The view that Lüders’ rule assigns states to post-measurement states is particularly popular in the contemporary quantum foundations community, largely due to the influence of quantum information theory [37] and the prevalence of operational approaches in the field. This view permeates longstanding debates about the assumptions of “ideal measurements”, attempts to reconstruct quantum mechanics, and discussions related to hidden variables [18], [32], [37]–[39]. As shown in Ref. [20], the alternative proposed here —– which agrees with multiple perspectives on quantum mechanics [25]–[28], [40] — can shed light on important topics in quantum foundations, extending beyond the problem of hidden variables.
An important consequence of the correspondence between incompatibility, order-dependent predictions, and constraints on hidden-variable models we establish is that it makes it easier to identify classical parallels to our inability to form underlying-state models. Our work therefore contributes to the debate about whether — and, if so, why — phenomena associated with such models, such as contextuality, can be considered a signature of non-classicality [32], [41]–[44].

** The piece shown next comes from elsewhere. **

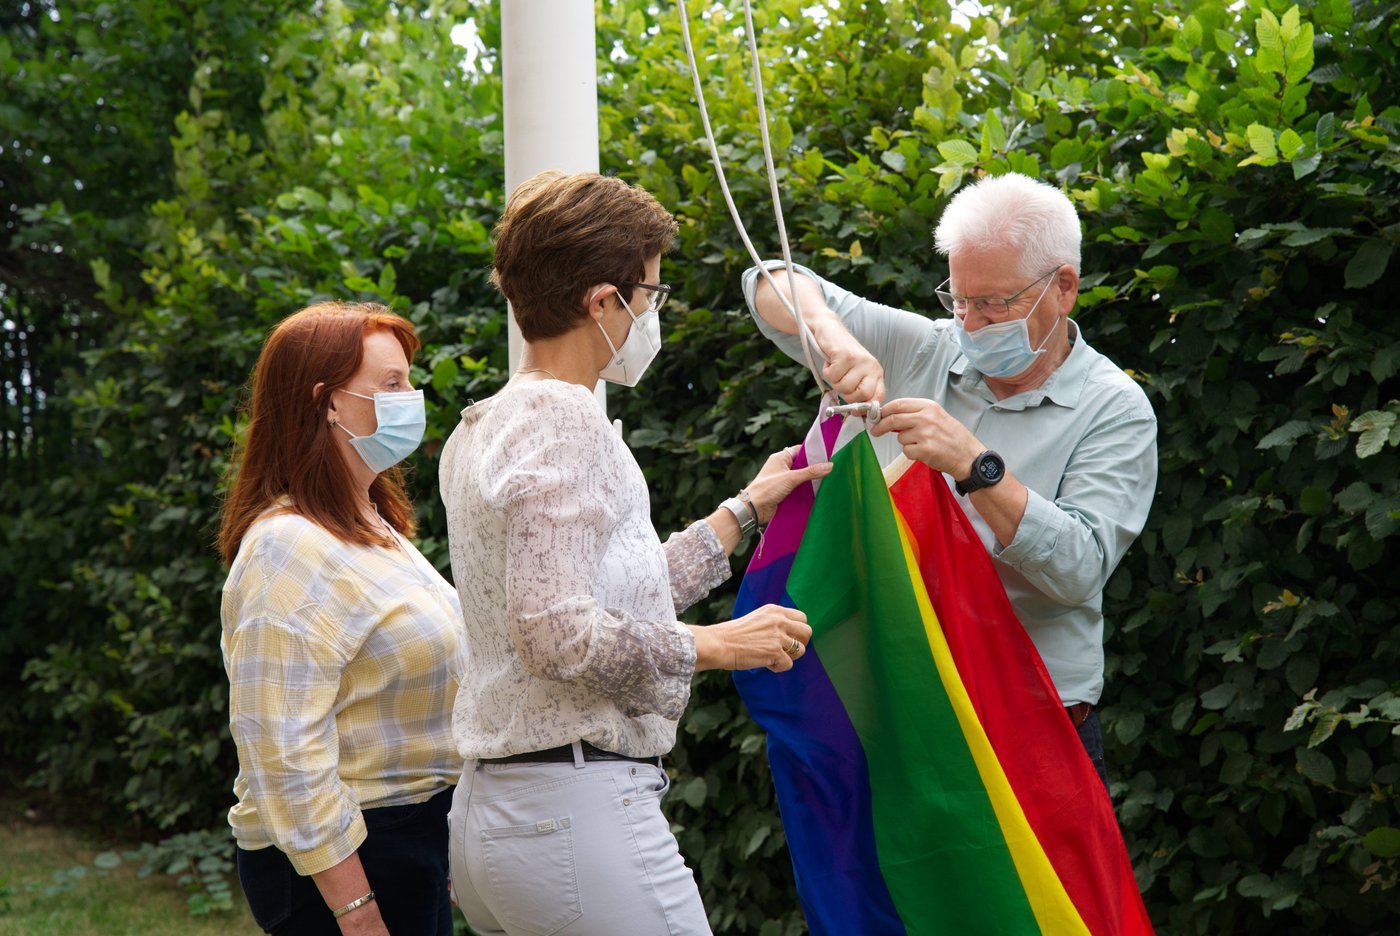 The picture shows three people raising the rainbow flag.

In fact, consider classical wave theory, the theory of classical physics in which parallels with quantum mechanics are traditionally drawn [6], [45], [46]. Consider a wave on a string of length \(L\), and let \(V\) and \(N\) denote the physical quantities “phase velocity” and the “number of nodes”, respectively [47]. Following the terminology of quantum mechanics, we can say that travelling waves are eigenstates of \(V\), as they correspond to states with well-defined phase velocities. Analogously, standing waves can be seen as eigenstates of \(N\). The phase velocity of a travelling wave is the eigenvalue of \(V\) it is associated with, while the eigenvalue of \(N\) associated with a standing wave is its number of nodes. We denote by \(\psi_{\pm }\) an eigenstate of \(V\) corresponding to the eigenvalue \(\pm v\), where \(v\) is the phase velocity determined by the medium [47]. Similarly, \(\psi_{n}\) is an eigenstate of \(N\) with \(n \in \mathbb{N}\) nodes. If \(\psi\) is a travelling wave, it is a superposition (i.e., linear combination) of eigenstates of \(N\) corresponding to different eigenvalues, as Fourier’s theorem shows [48]. Conversely, if \(\psi\) is a standing wave, it can be written as a superposition of waves travelling in different directions (i.e., corresponding to different eigenvalues of \(V\)). Recall that every wave is either travelling or standing, and that no standing wave is a travelling wave, and vice versa. It means that the quantities \(V\) and \(N\) have no eigenstates in common, as with incompatible observables in quantum theory.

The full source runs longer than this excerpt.